WORK REQUIRED
Using the data below, set down every line from the one containing "Treasure Map Template blank" through the one containing "Budget Report Template", inclusive and unchanged. Pictures are to be skipped.

SUPPLIED DATA

=== Begin Enclosure ===

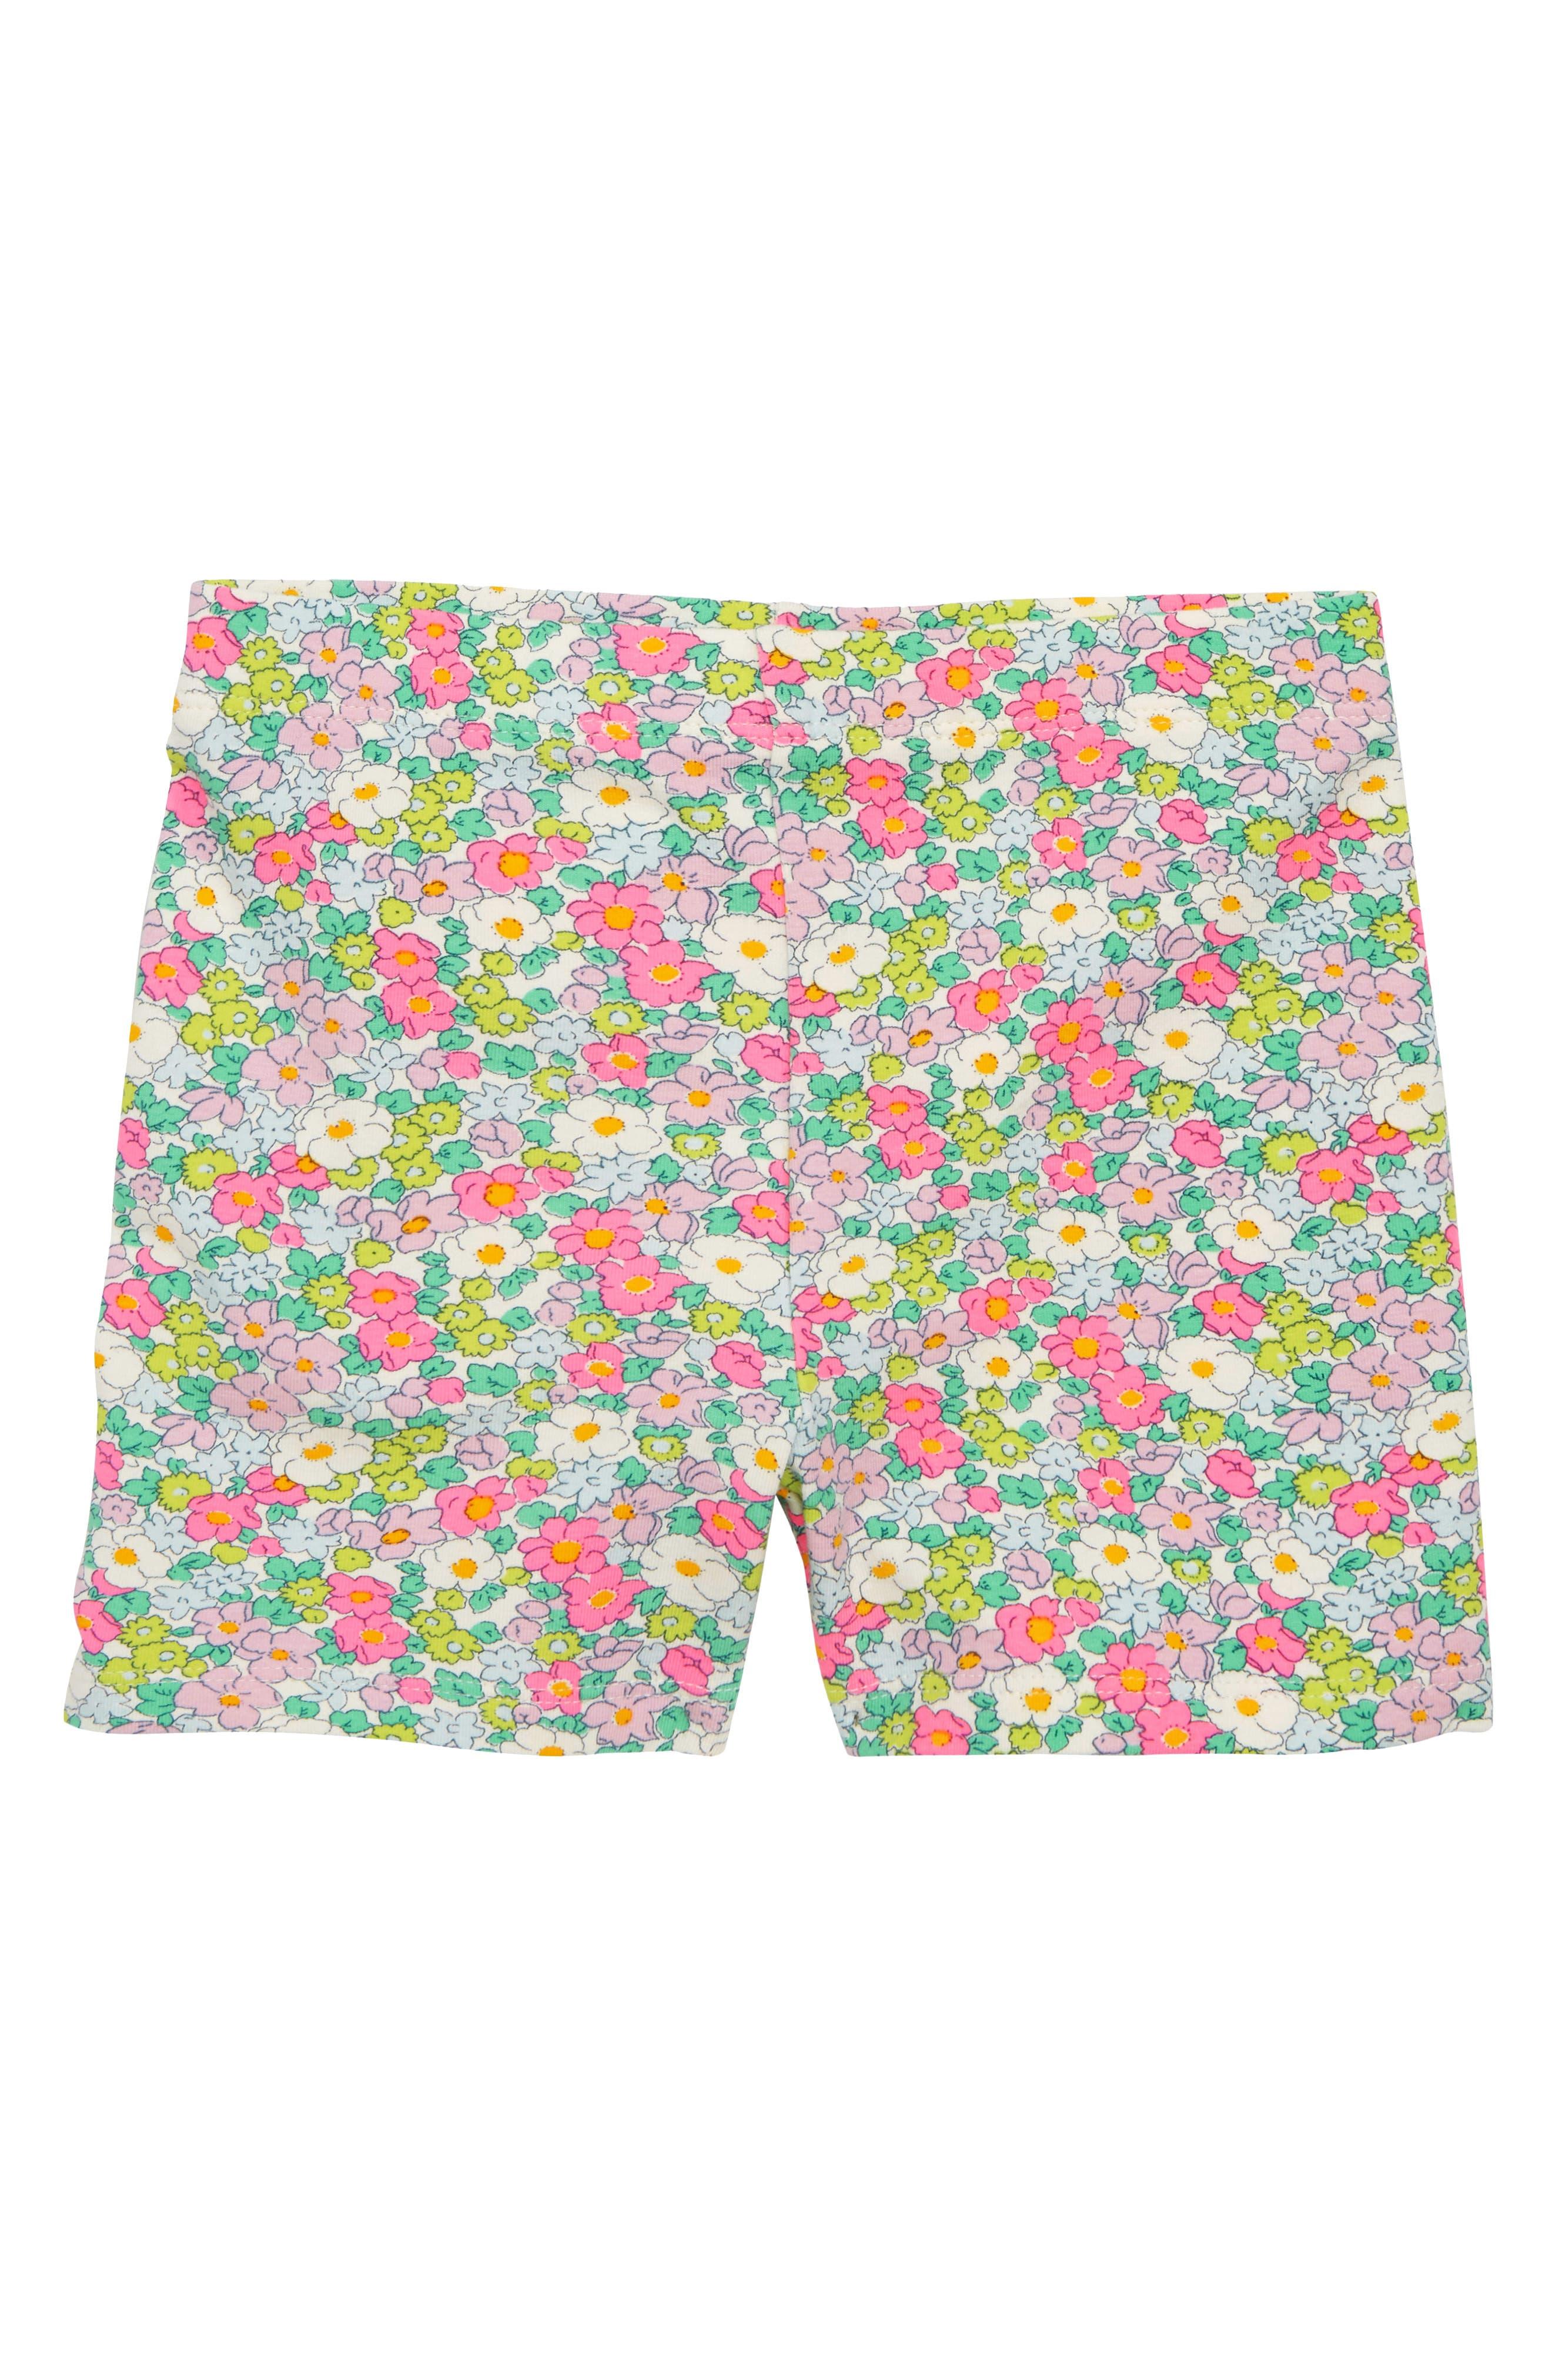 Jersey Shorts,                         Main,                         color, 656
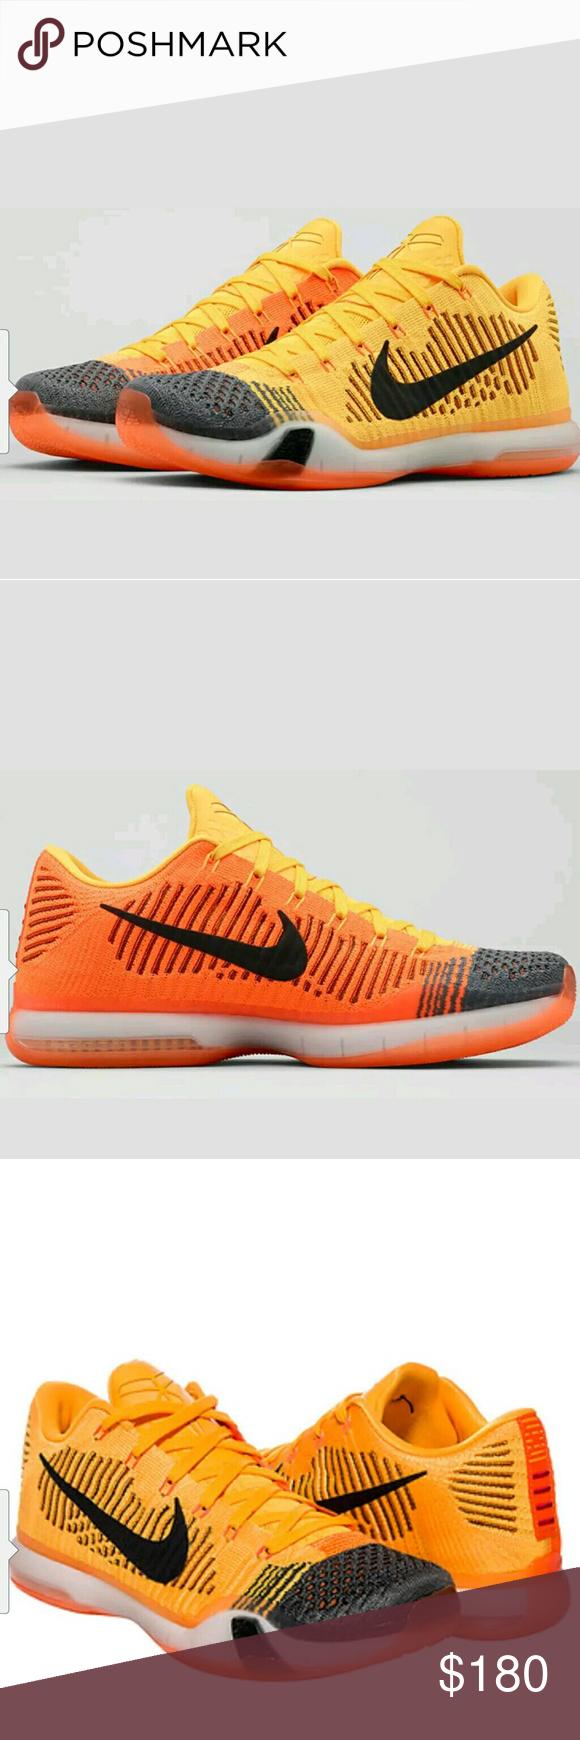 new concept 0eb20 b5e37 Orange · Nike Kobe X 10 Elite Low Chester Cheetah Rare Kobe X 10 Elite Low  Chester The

=== End Enclosure ===
=== Begin Enclosure ===

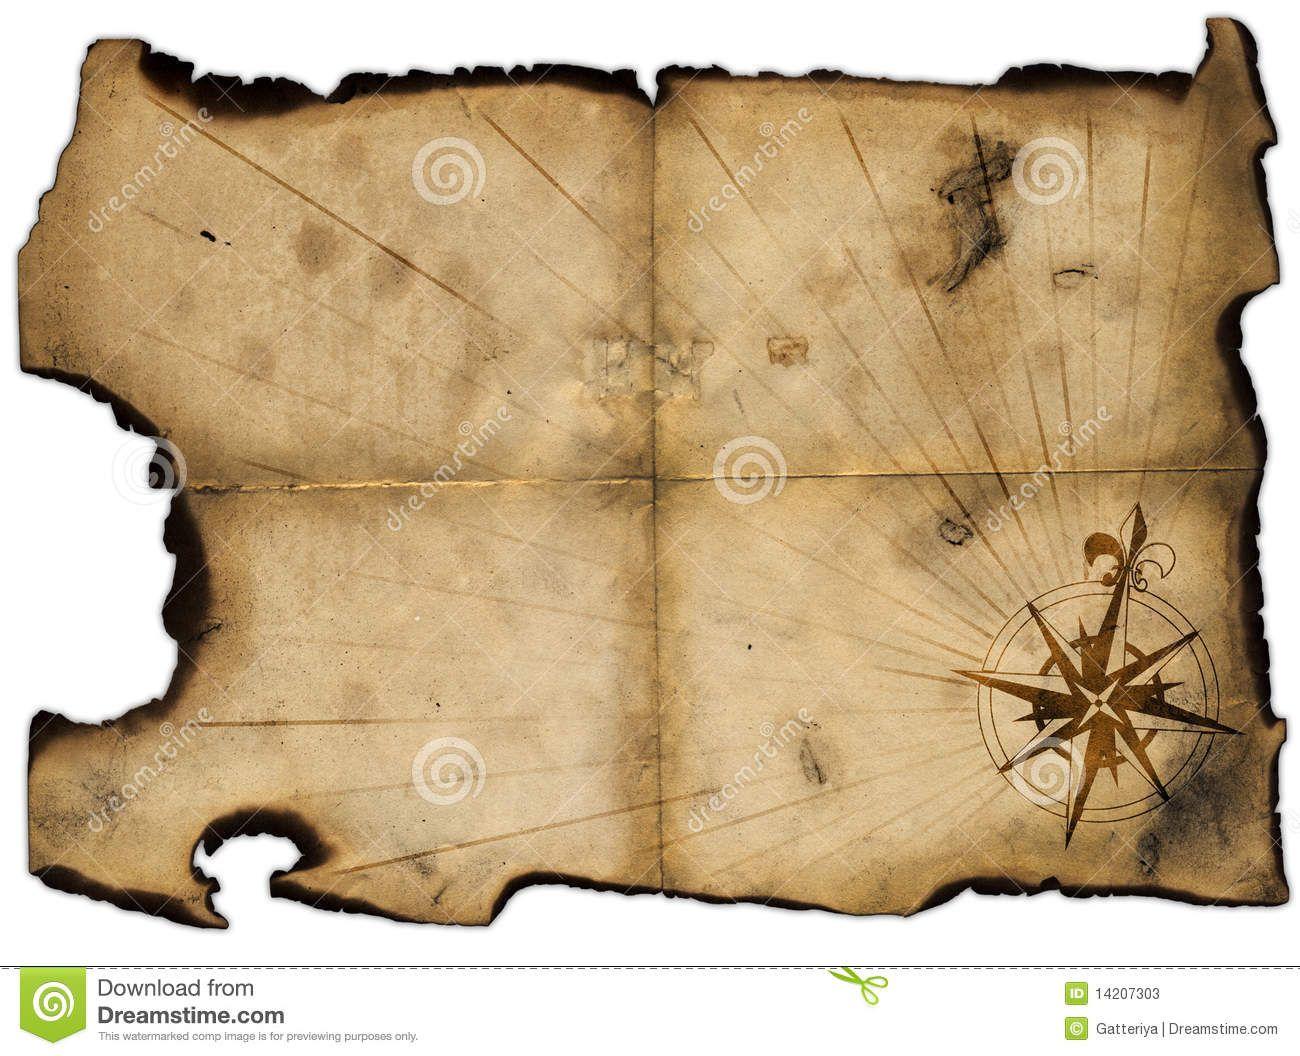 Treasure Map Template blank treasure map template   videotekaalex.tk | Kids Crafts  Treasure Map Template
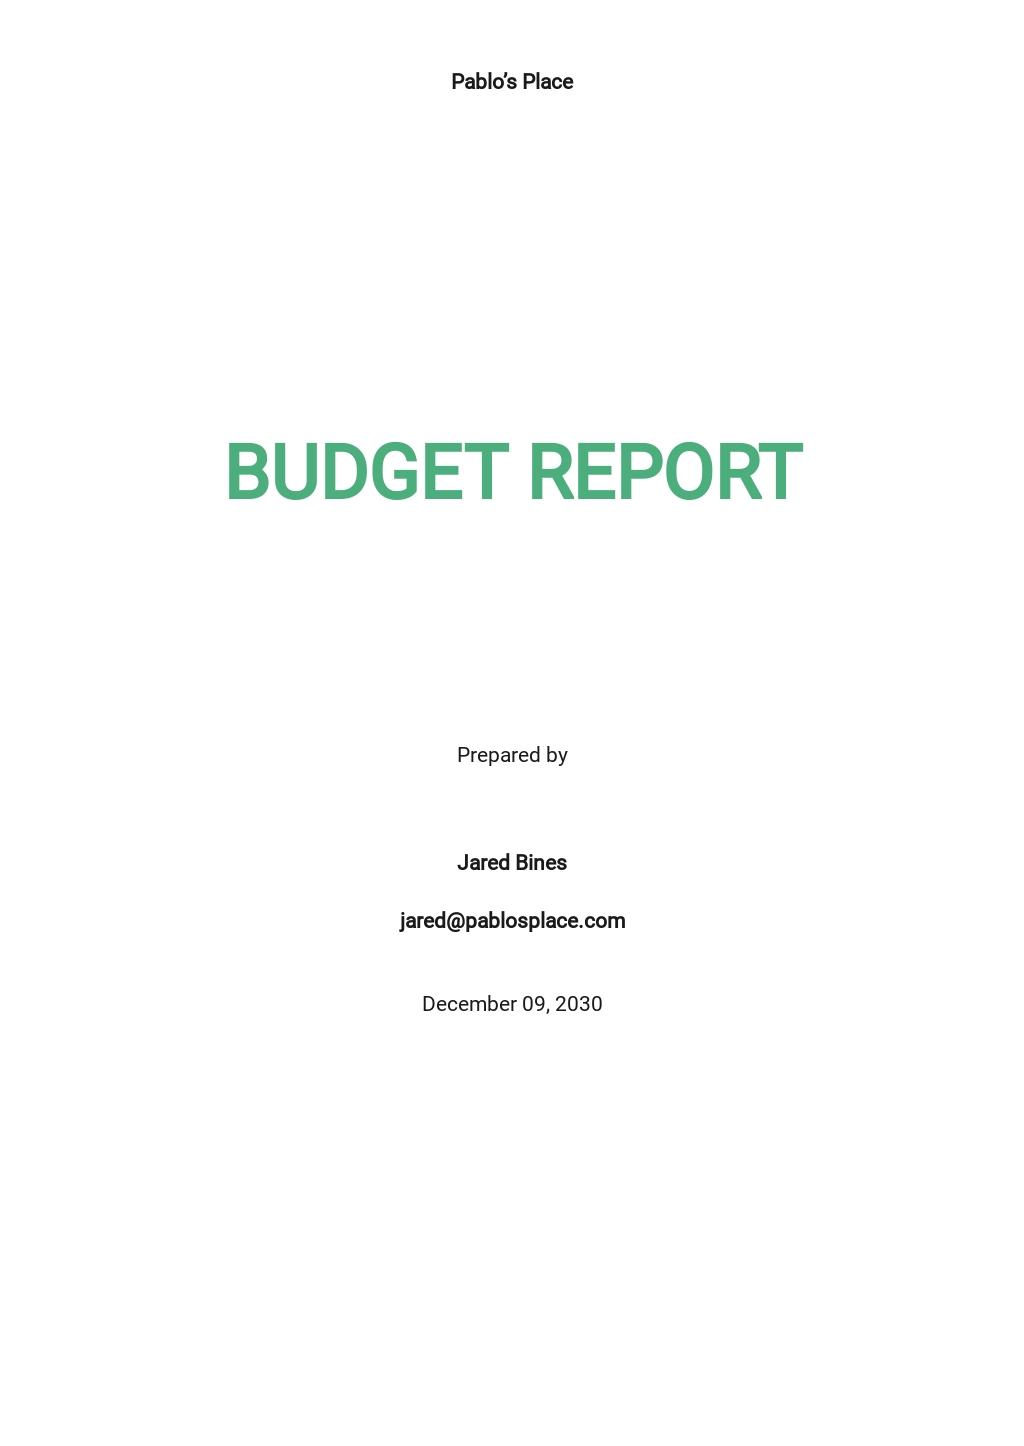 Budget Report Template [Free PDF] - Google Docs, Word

=== End Enclosure ===

ANSWER TO THIS PROBLEM
 Treasure Map Template blank treasure map template   videotekaalex.tk | Kids Crafts  Treasure Map Template
 Budget Report Template [Free PDF] - Google Docs, Word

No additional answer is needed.